TO DO:
Exact copies of the lines below are the goal; any images in them are dropped.

COLLECTED DATA:

#####

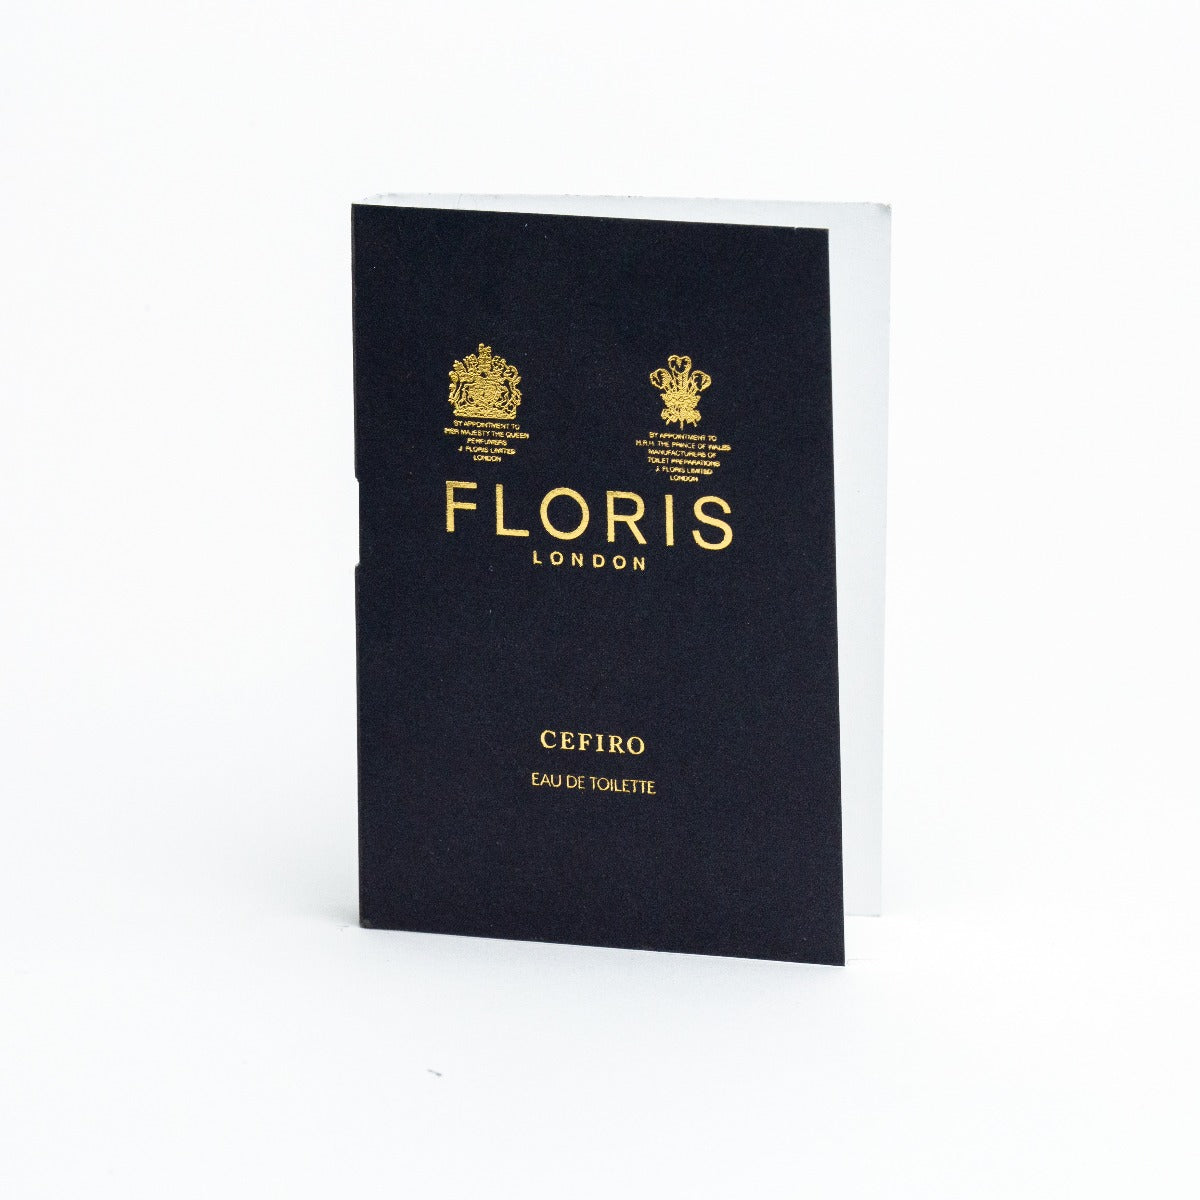 A black book with the logo of KirbyAllison.com on it that includes FLORIS Cefiro Sample Vials and a promo code.
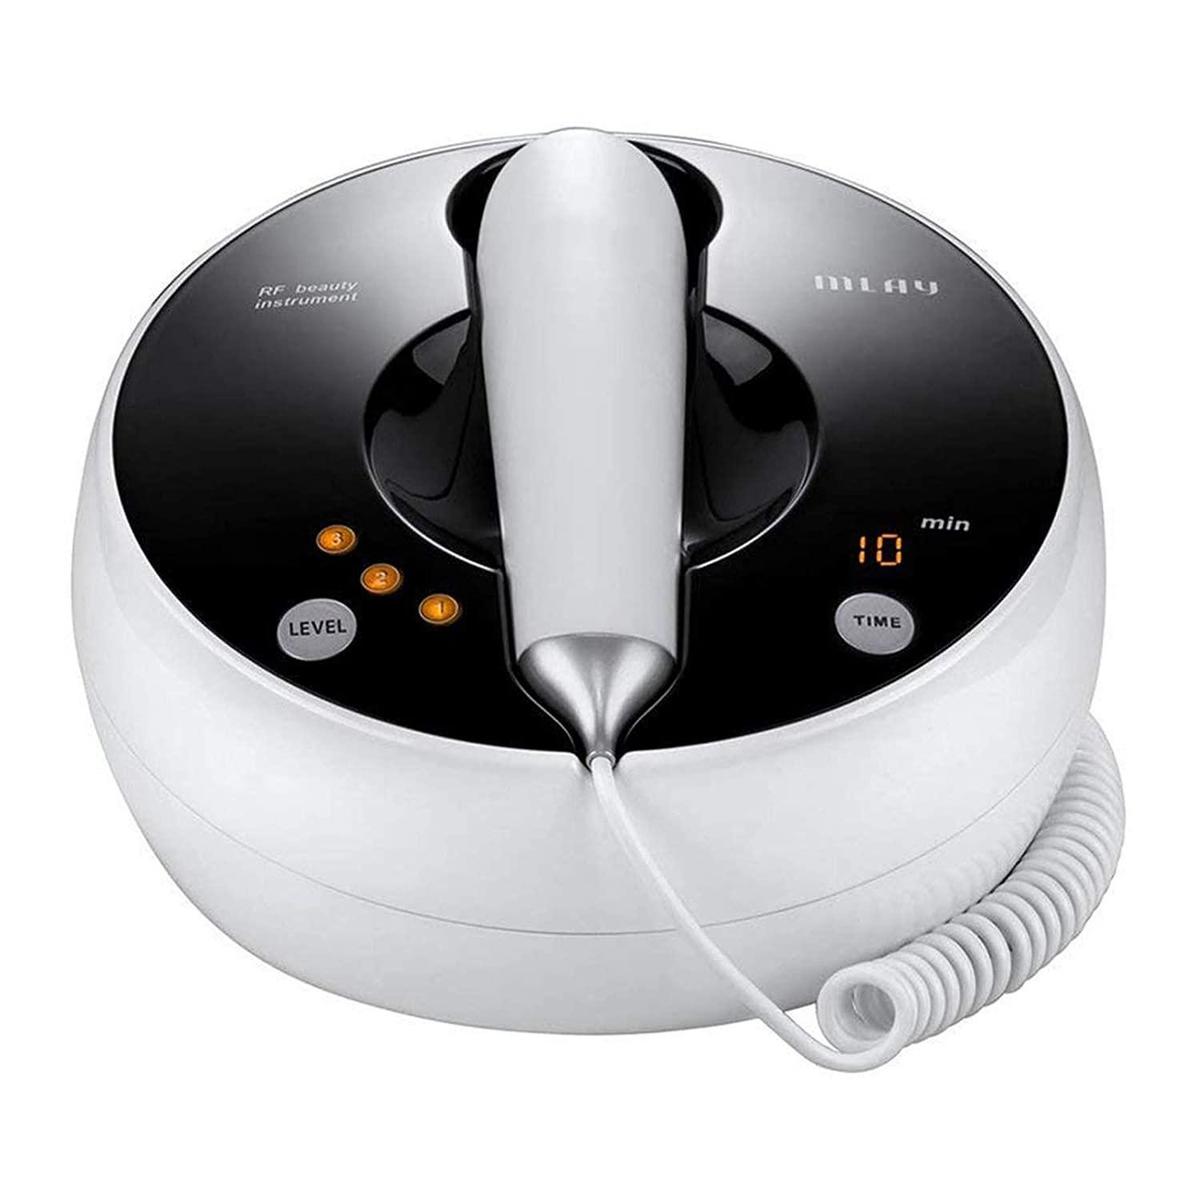 MLAY RF Radio Frequency Facial And Body Skin Tightening Machine - Professional Home RF Lifting Skin
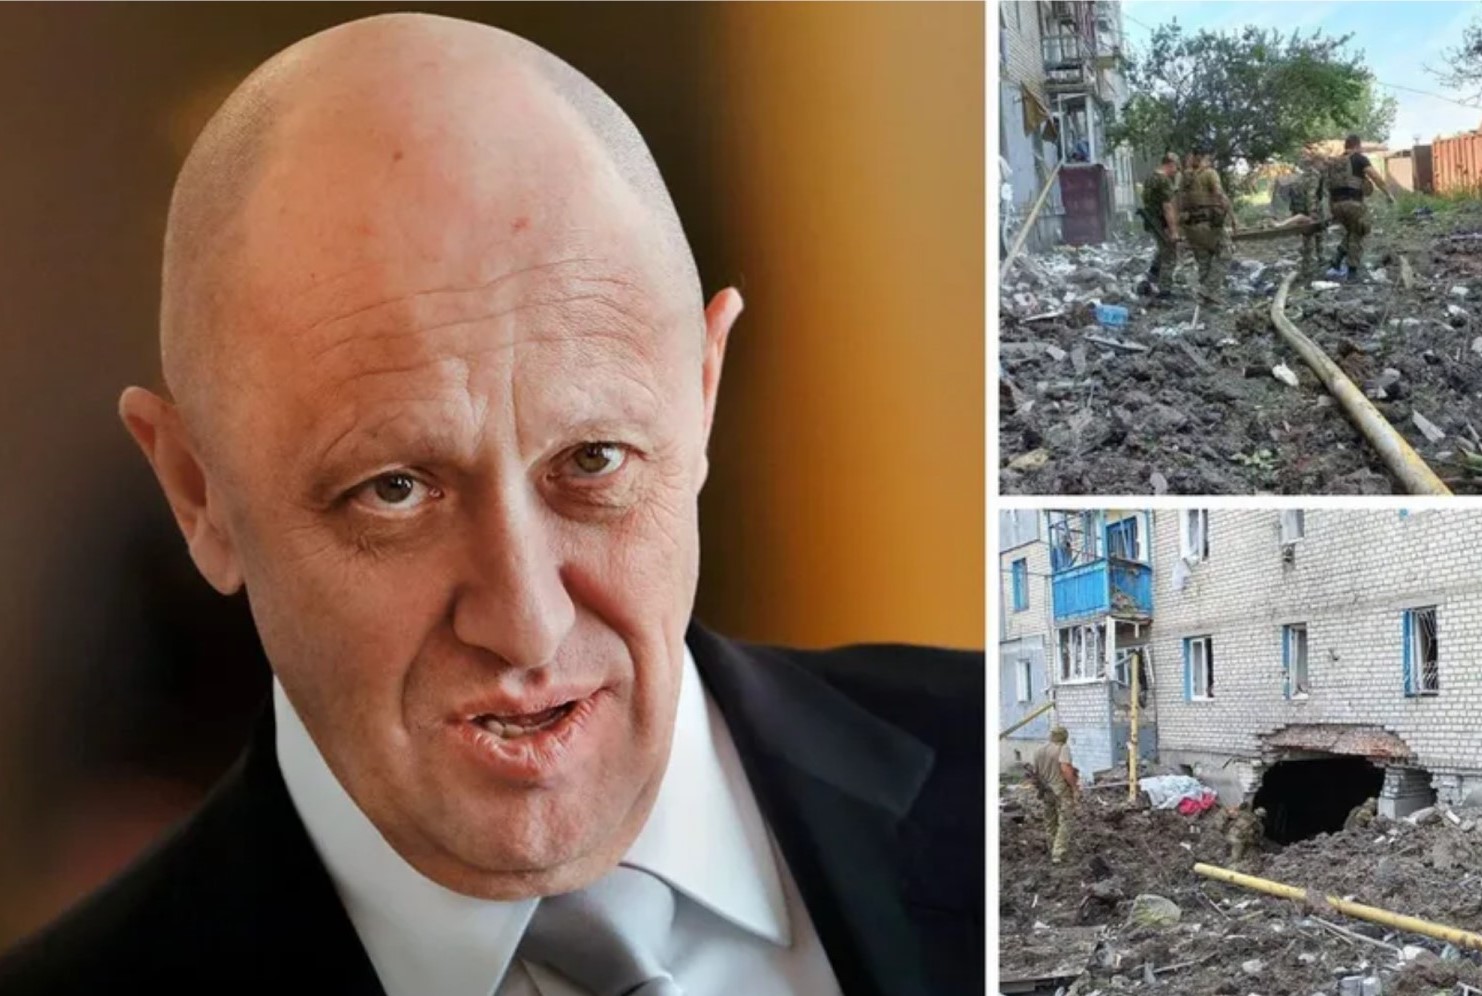 Yevgeny Prigozhin and the devastation his paid Wagner unit killers have brought to Ukraine Photo collage from StopKor

#####

ANSWER BELOW:
 A black book with the logo of KirbyAllison.com on it that includes FLORIS Cefiro Sample Vials and a promo code.
 MLAY RF Radio Frequency Facial And Body Skin Tightening Machine - Professional Home RF Lifting Skin
 Yevgeny Prigozhin and the devastation his paid Wagner unit killers have brought to Ukraine Photo collage from StopKor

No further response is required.